■ INSTRUCTIONS FOR THE TASK ■
Transcribe all of the data exactly. Omit the pictures.

■ DATA SEGMENT ■

━━━━━━

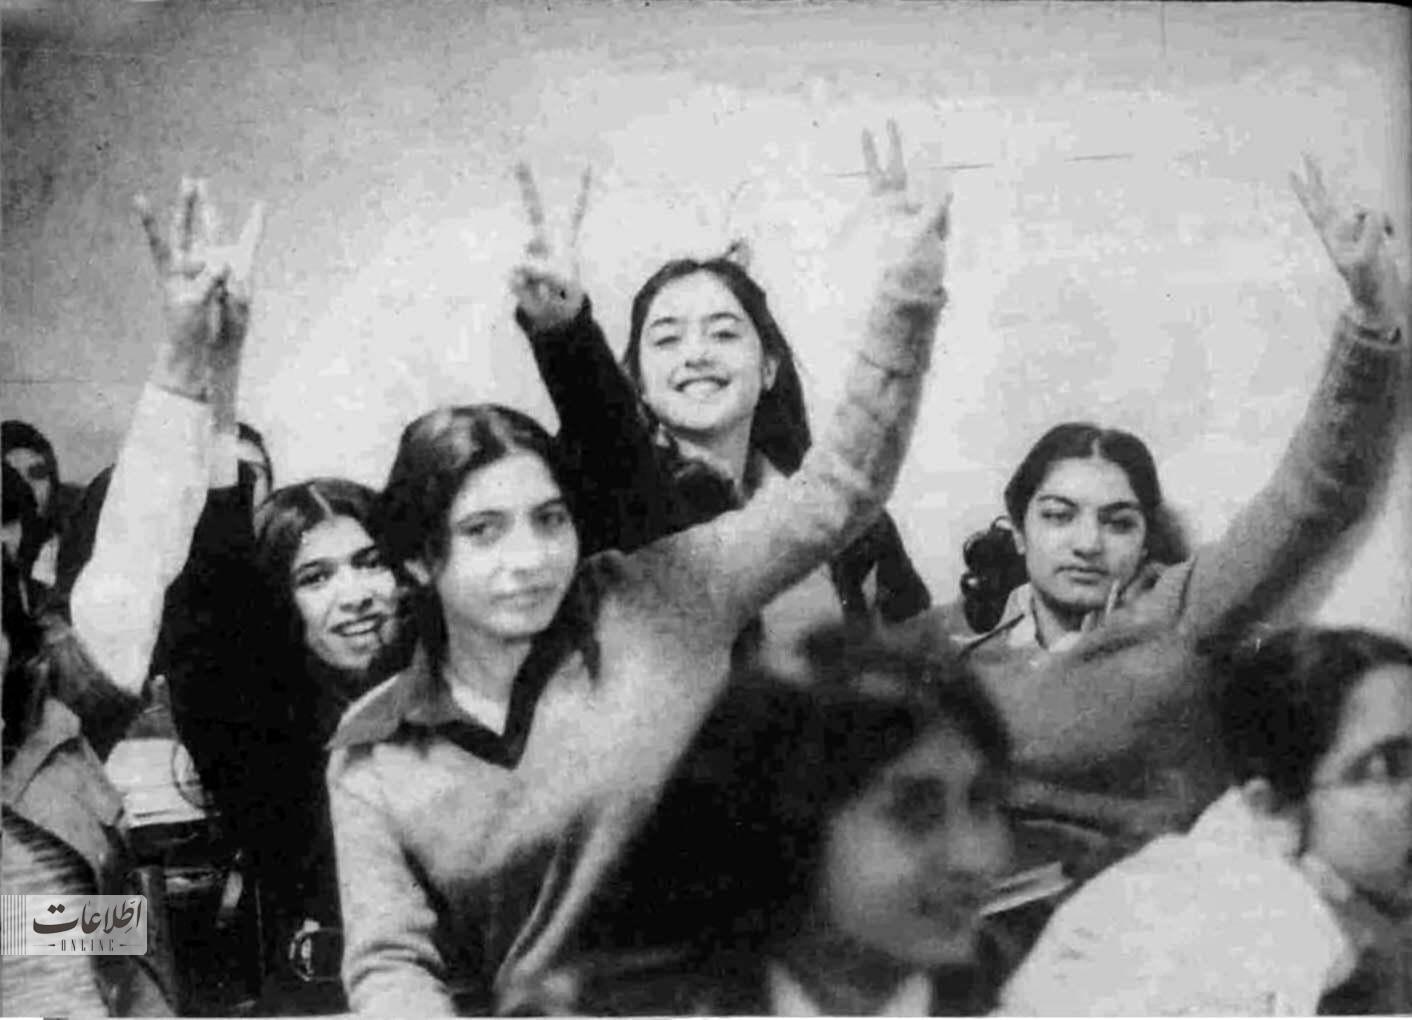 ۳ عکس متفاوت از یک دبیرستان دخترانه در اسفند ۵۷
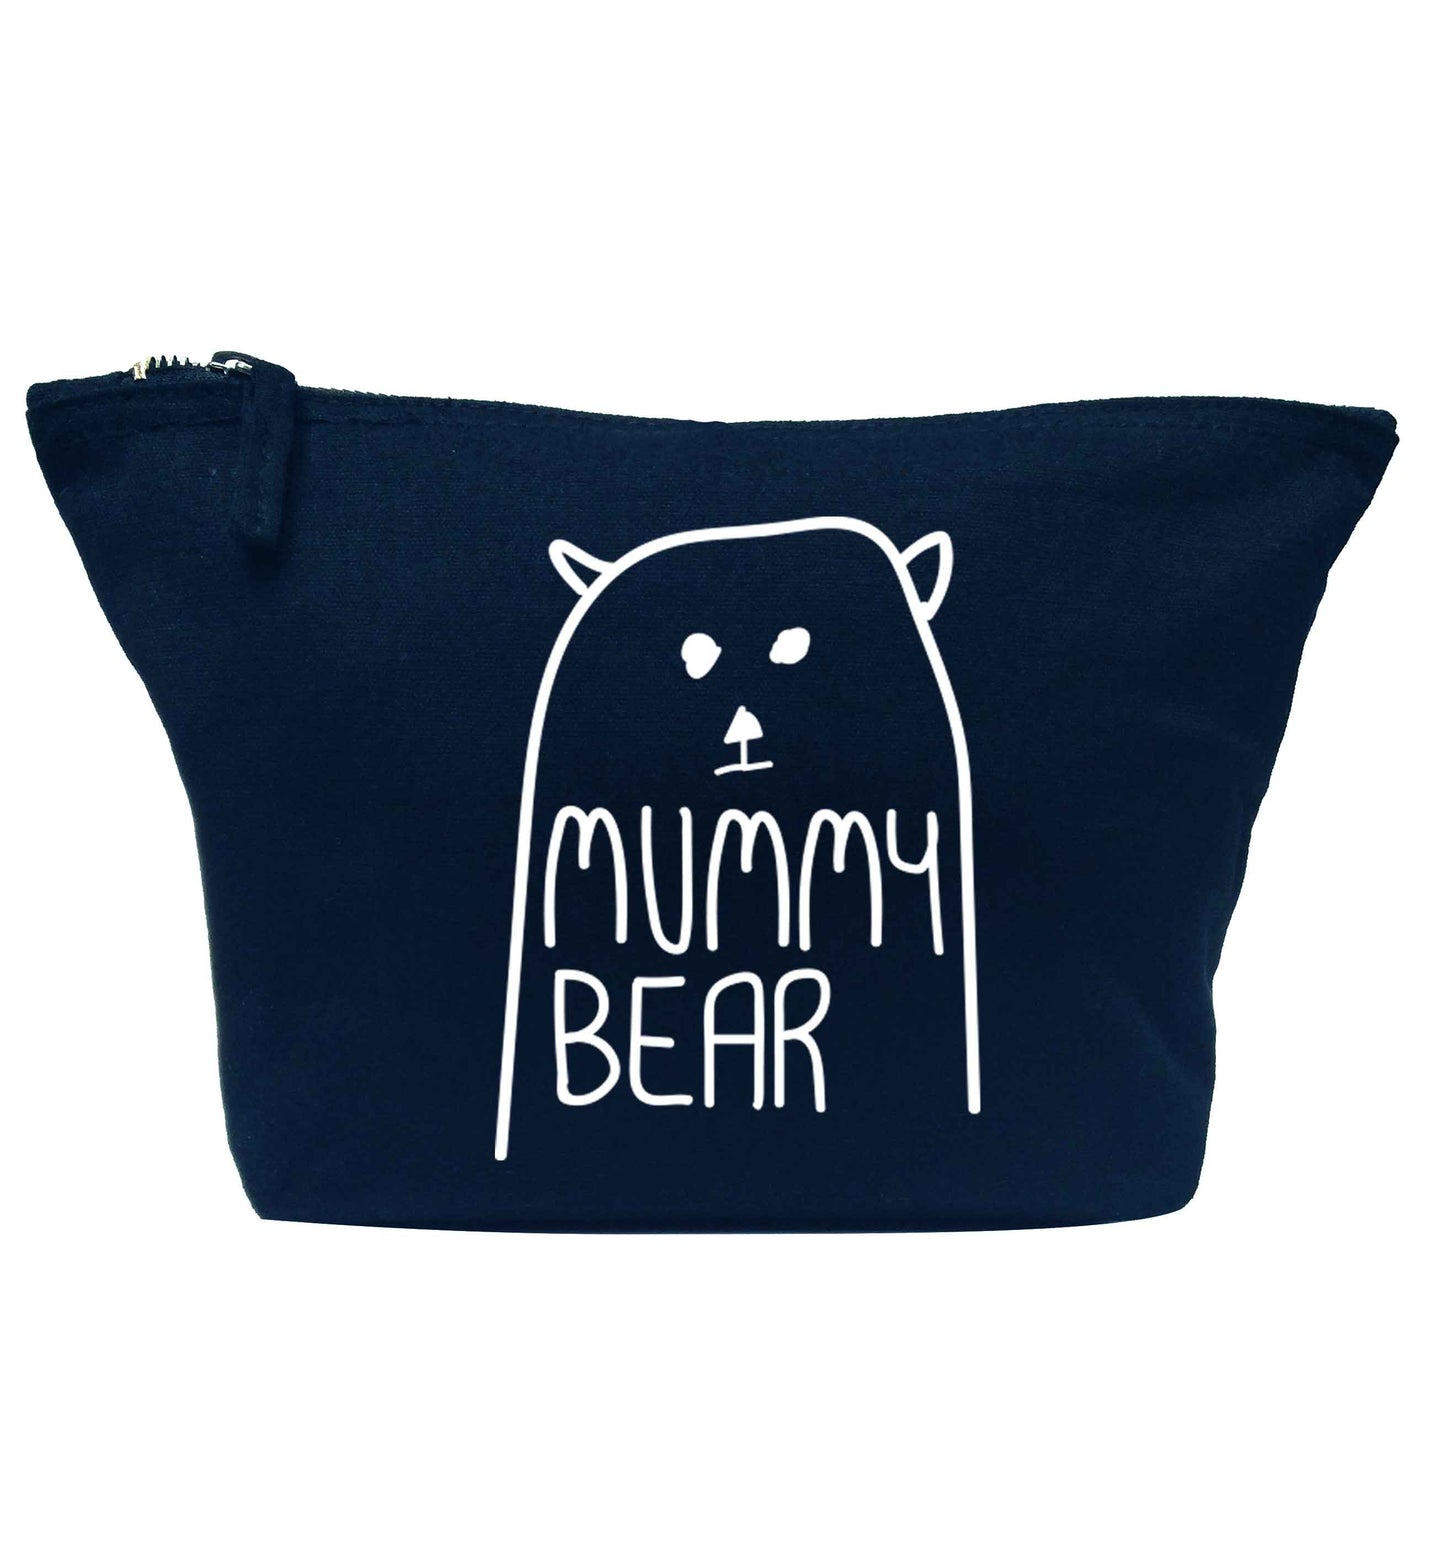 Mummy bear navy makeup bag
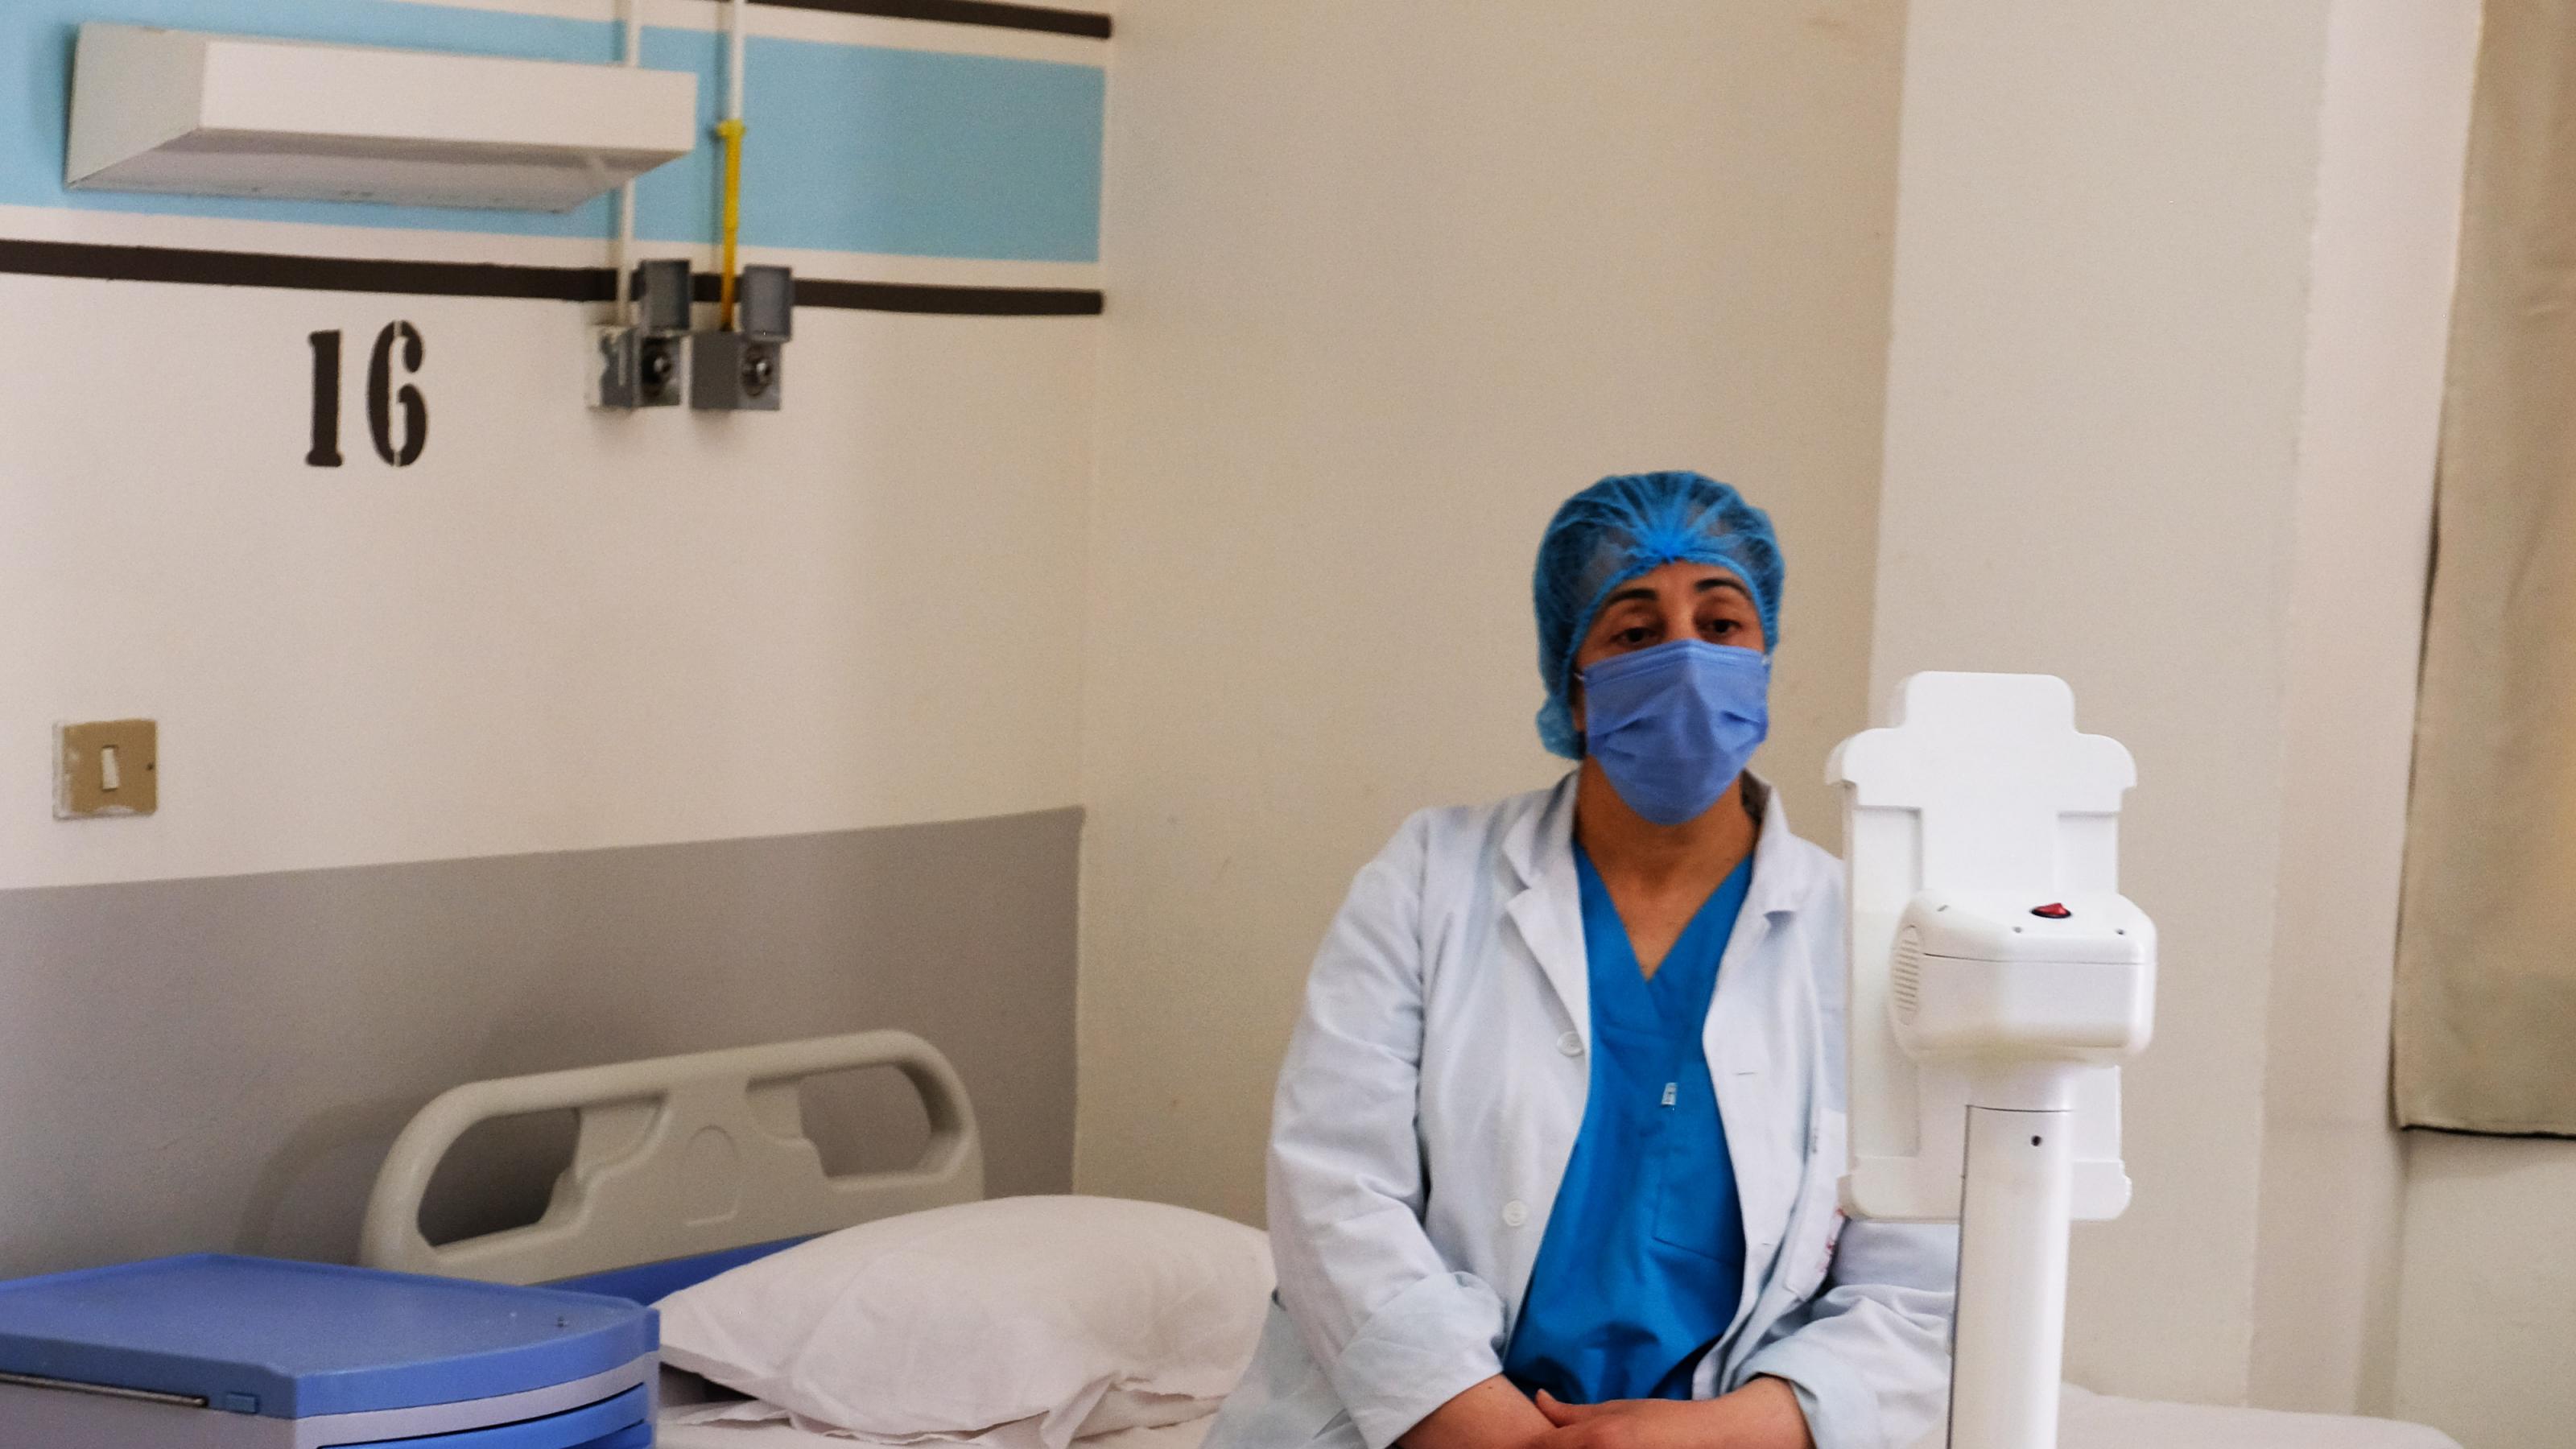 Eine Krankenpflegerin mit Kittel und Maske sitzt auf einem Krankenbett und schaut einen kleinen Roboter an.

━━━━━━

■ WRITTEN ANSWER ■
 ۳ عکس متفاوت از یک دبیرستان دخترانه در اسفند ۵۷
 Mummy bear navy makeup bag
 Eine Krankenpflegerin mit Kittel und Maske sitzt auf einem Krankenbett und schaut einen kleinen Roboter an.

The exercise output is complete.